◆ Records supplied ◆
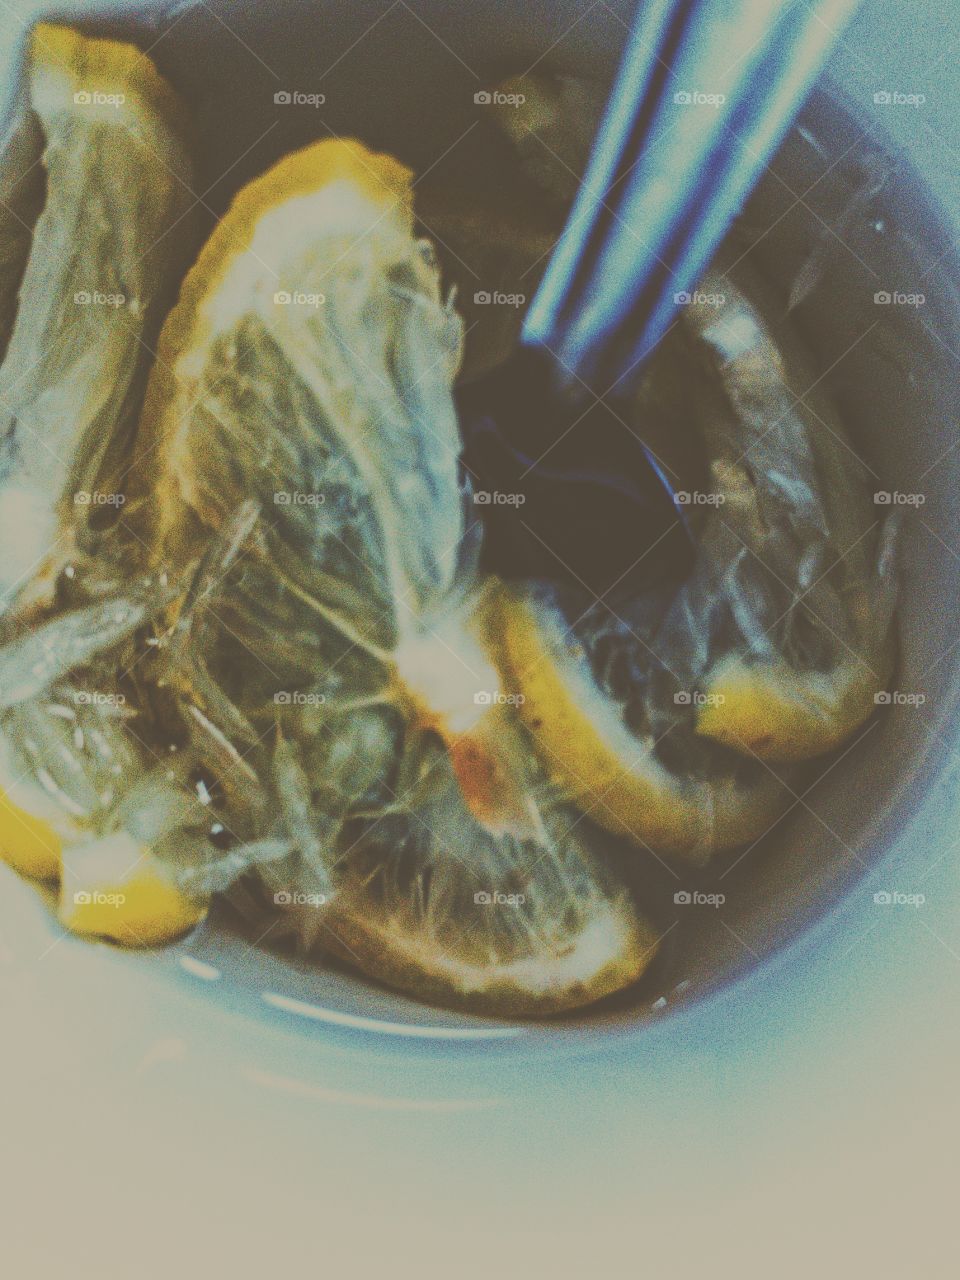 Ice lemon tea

---

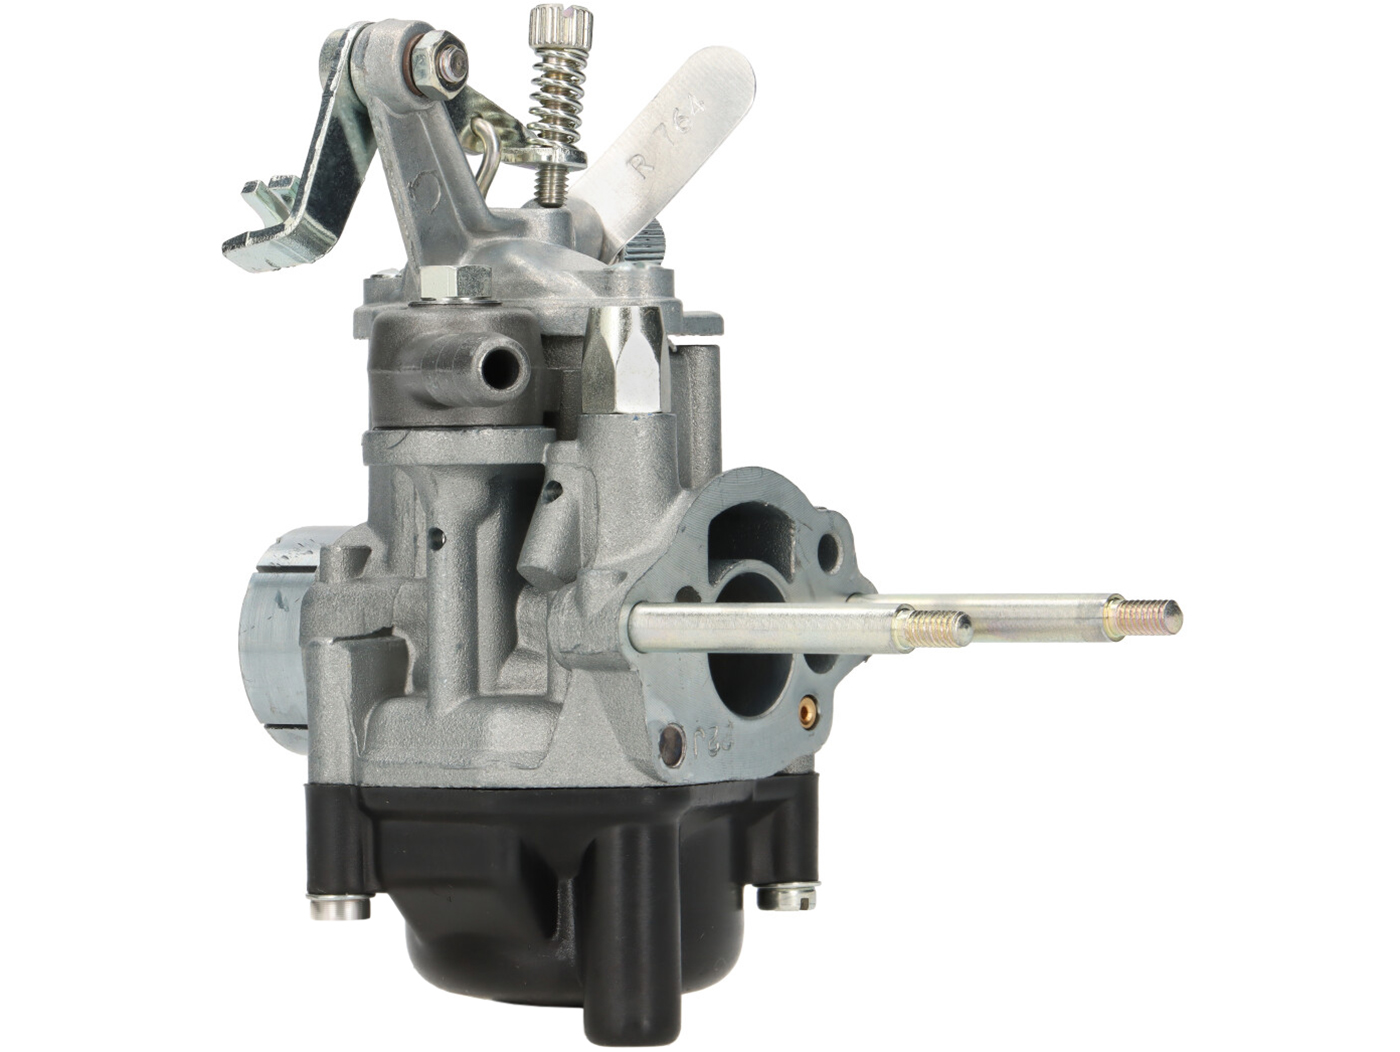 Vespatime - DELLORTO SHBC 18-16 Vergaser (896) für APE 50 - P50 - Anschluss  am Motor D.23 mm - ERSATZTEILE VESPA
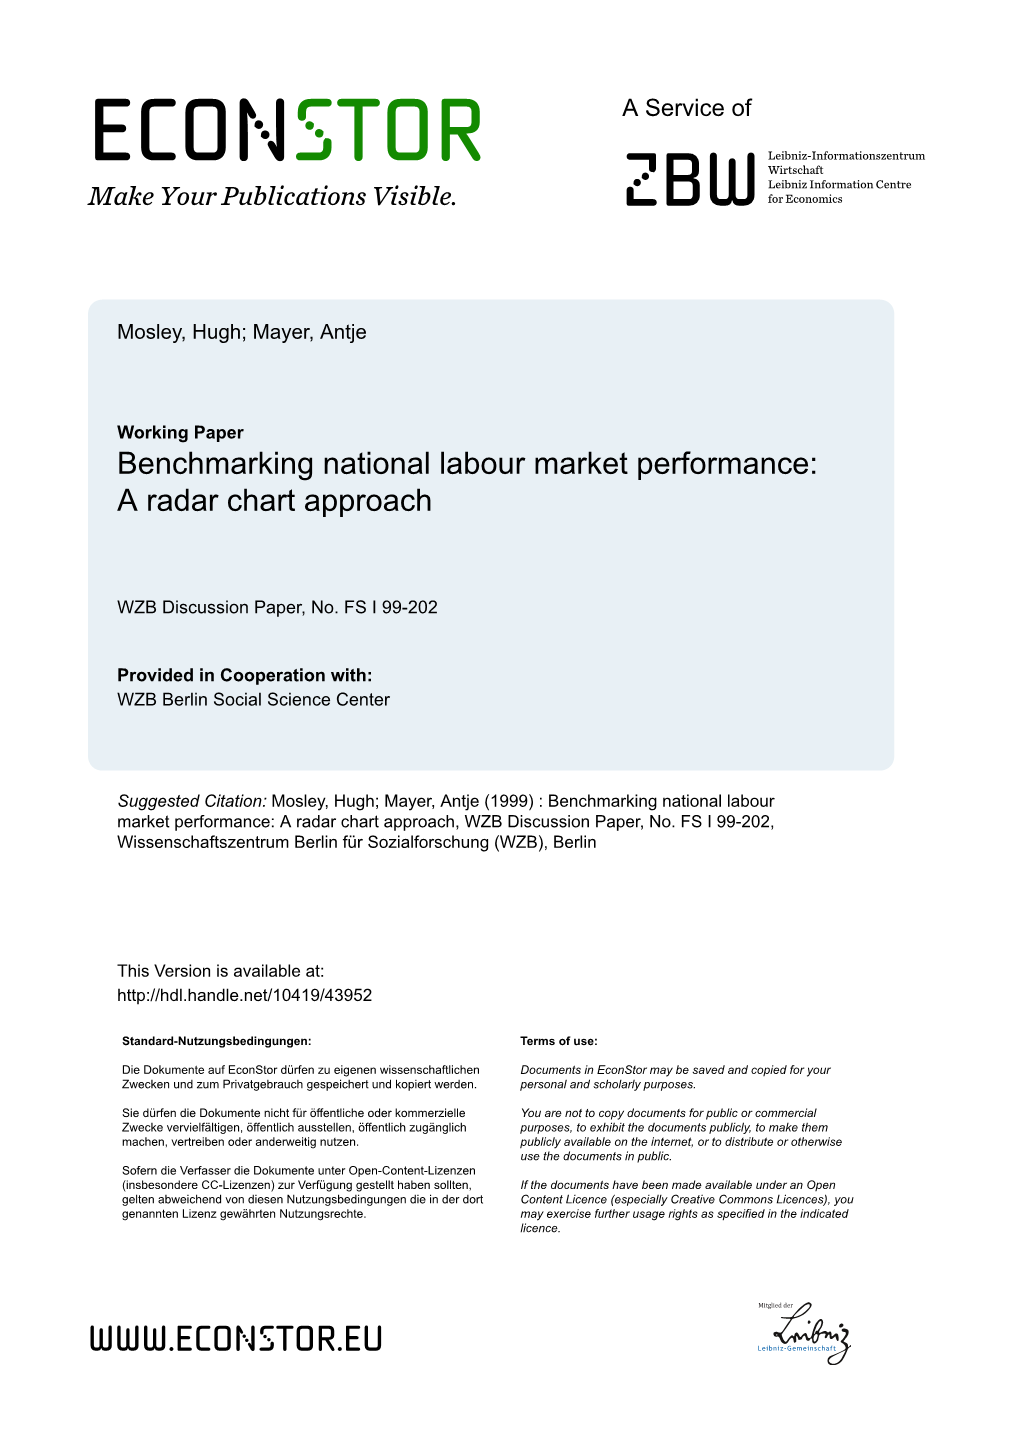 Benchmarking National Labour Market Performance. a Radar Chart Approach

--

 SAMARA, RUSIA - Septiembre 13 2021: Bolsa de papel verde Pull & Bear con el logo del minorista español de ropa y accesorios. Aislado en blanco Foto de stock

◆ Task goal ◆
Please return the data above exactly as it stands from the line with "Vespatime - DELLORTO" to the line with "Benchmarking National Labour", keeping both of those lines but none of the pictures.

◆ Task result ◆
 Vespatime - DELLORTO SHBC 18-16 Vergaser (896) für APE 50 - P50 - Anschluss  am Motor D.23 mm - ERSATZTEILE VESPA
 Benchmarking National Labour Market Performance. a Radar Chart Approach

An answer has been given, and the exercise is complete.